Religião

26/07/2021 | domtotal.com

Bispo dos EUA fala da 'divisão racial' da Igreja Católica

Em entrevista, dom Braxton fala de seu livro que relata como a divisão racial continua se manifestando dentro da Igreja

Dom Edward K. Braxton, de Belleville (EUA), após celebração em Roma durante visita ad limina do episcopado estadunidense
Dom Edward K. Braxton, de Belleville (EUA), após celebração em Roma durante visita ad limina do episcopado estadunidense (CNS/Robert Duncan)

Jesse Bogan*
NCR

O bispo Edward Braxton, um dos poucos bispos afro-americanos na Igreja Católica Romana, raramente fala com a imprensa.
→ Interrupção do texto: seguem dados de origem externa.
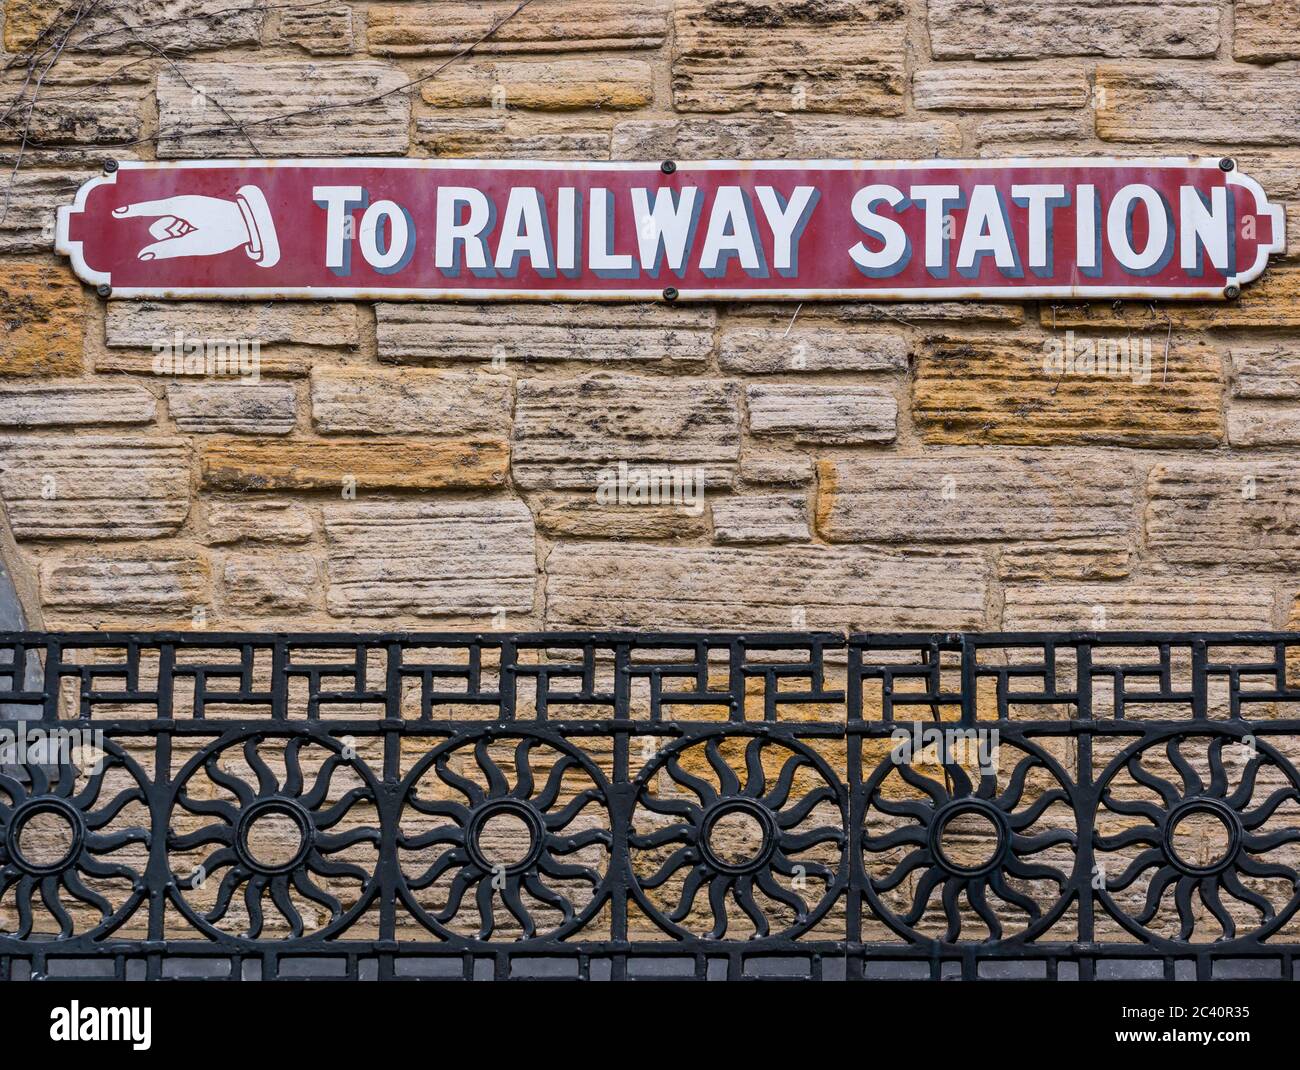 Old fashioned vintage sign on wall with hand pointing to railway station, England, United Kingdom Stock Photo

Braxton diz que não vive em um mundo binário e polarizado de "sim ou não" e, em vez disso, faz declarações em cartas pastorais e outros escritos.

"Meu pensamento é mais matizado do que algo que você coloca no noticiário da tarde", disse Braxton, que agora tem 77 anos. "Escrevo enquanto falo. Tenho um ponto de vista emocionante sobre muitas experiências".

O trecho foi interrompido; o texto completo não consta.